Autores, como Mumford (1964), Chueca-Goitia (1982), Argan (1993), entre outros, viram na cidade não só uma das mais perfeitas invenções humanas como o ambiente propício à criação e ao desenvolvimento humano; mas também é numa perspetiva mais territorial e administrativa, um centro urbano cuja “organização

política lhe permite assumir a liderança de uma região” (Costa Lobo, 1999, p. 13).

De acordo com Ascher (2010, p.21) a cidade e a sociedade funcionam numa correlação estreita, porque, desde a sua origem a existência de cidade implica “uma

divisão técnica, social e espacial da produção e implica trocas de natureza diversa entre aqueles que produzem os bens manufacturados (os artesãos), os bens simbólicos (os padres, os artistas, etc.), o poder e a protecção (os guerreiros).” É

no processo da urbanização que se geram as dinâmicas que conduzem à “urbanidade”, à estruturação social e aos fenómenos e fatores que concorrem não só para a coesão social e identidade coletiva mas também para a ocorrência das condições e de causas associadas à fratura social que a criminalidade e delinquência constituem.

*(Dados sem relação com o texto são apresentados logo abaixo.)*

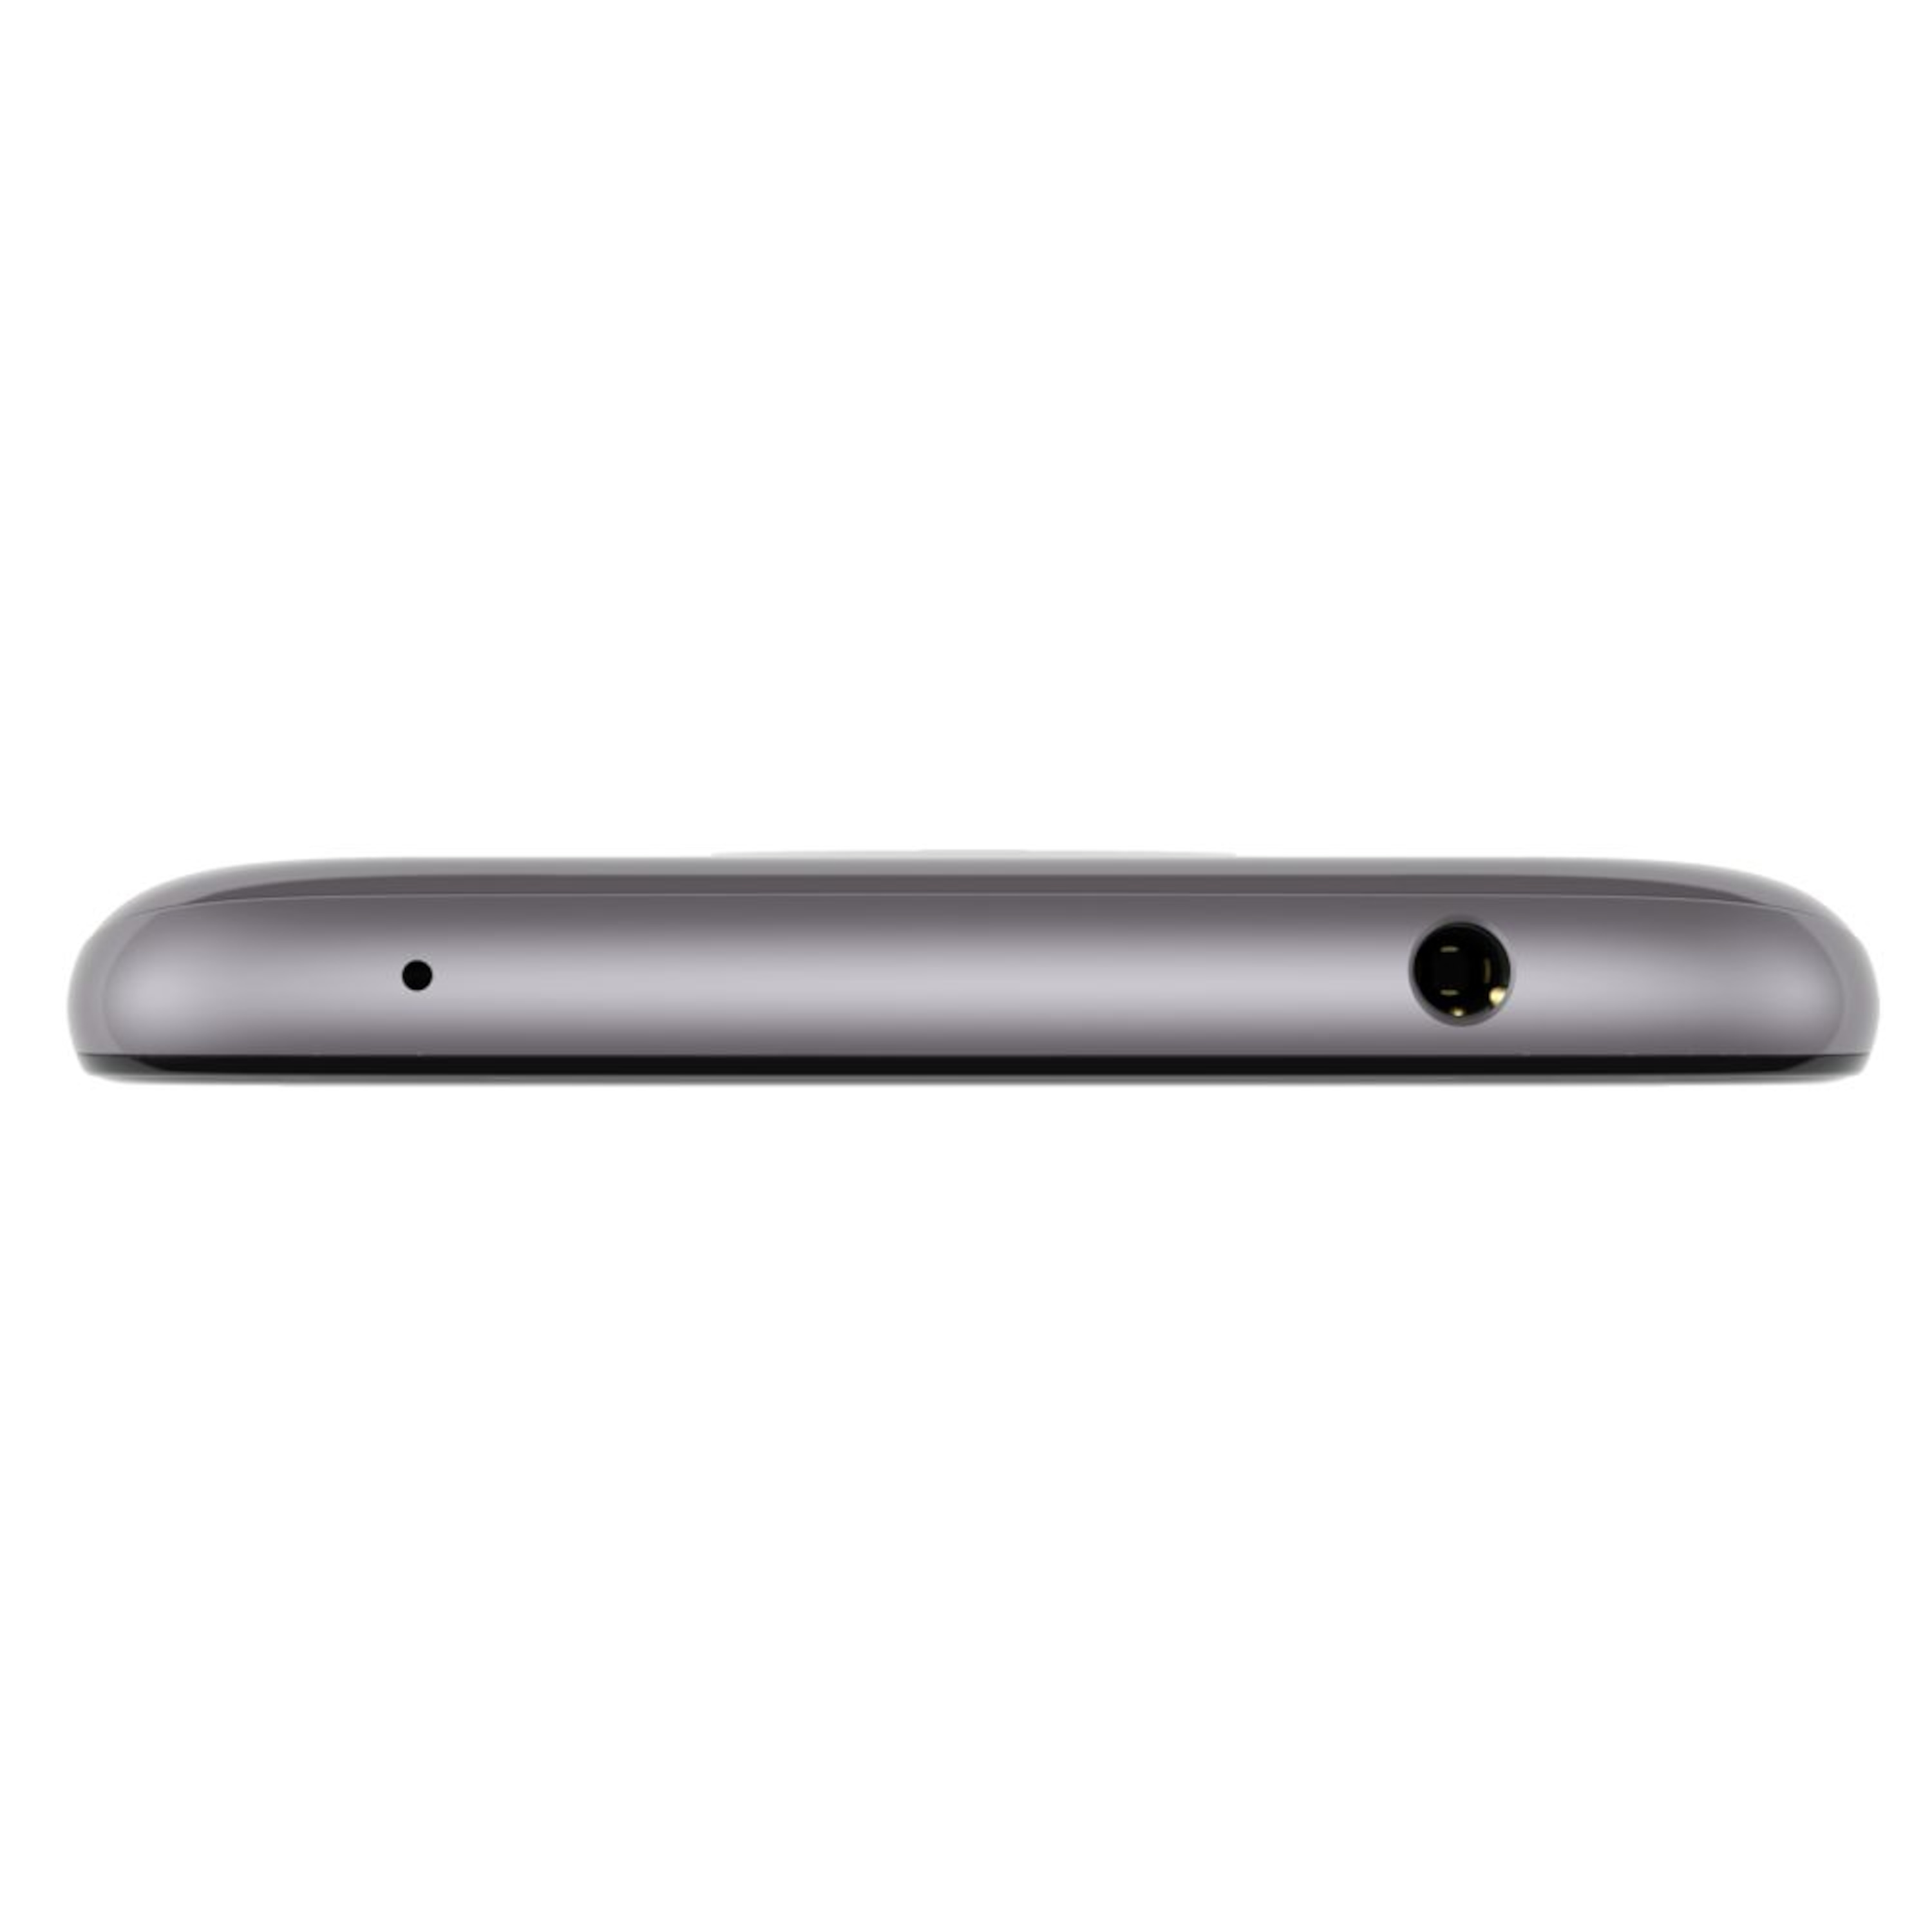 MOTOROLA Moto E5 Smartphone, 14,48 cm (5,7") HD+ Display, Android™ 8.0, 16 GB Speicher, Quad-Core-Prozessor, Dual-SIM, LTE

Contudo, para Salgueiro (1999, p.12) deve-se: “entender a cidade como forma

de organização da superfície terrestre, como uma estrutura espacial que representa um grande avanço das sociedades humanas no seu controlo do ambiente, implica proceder em duas escalas de análise.” A escala que a autora

designa de menor dá prioridade ao campo de interação em que as cidades são pontos numa rede de fluxos - onde convém, estudar as especificidades das redes, os movimentos que nelas ocorrem, a função que os vários lugares realizam entre uns e outros e às correspondentes regiões tributárias. Por outro lado, a escala designada por maior, consiste no estudo da cidade do ponto de vista da organização interna das suas aglomerações e busca compreender as propriedades das várias áreas e a sua ação no todo. É, neste contexto, ao nível da escala maior, que incide o estudo sobre a cidade e o seu uso seguro.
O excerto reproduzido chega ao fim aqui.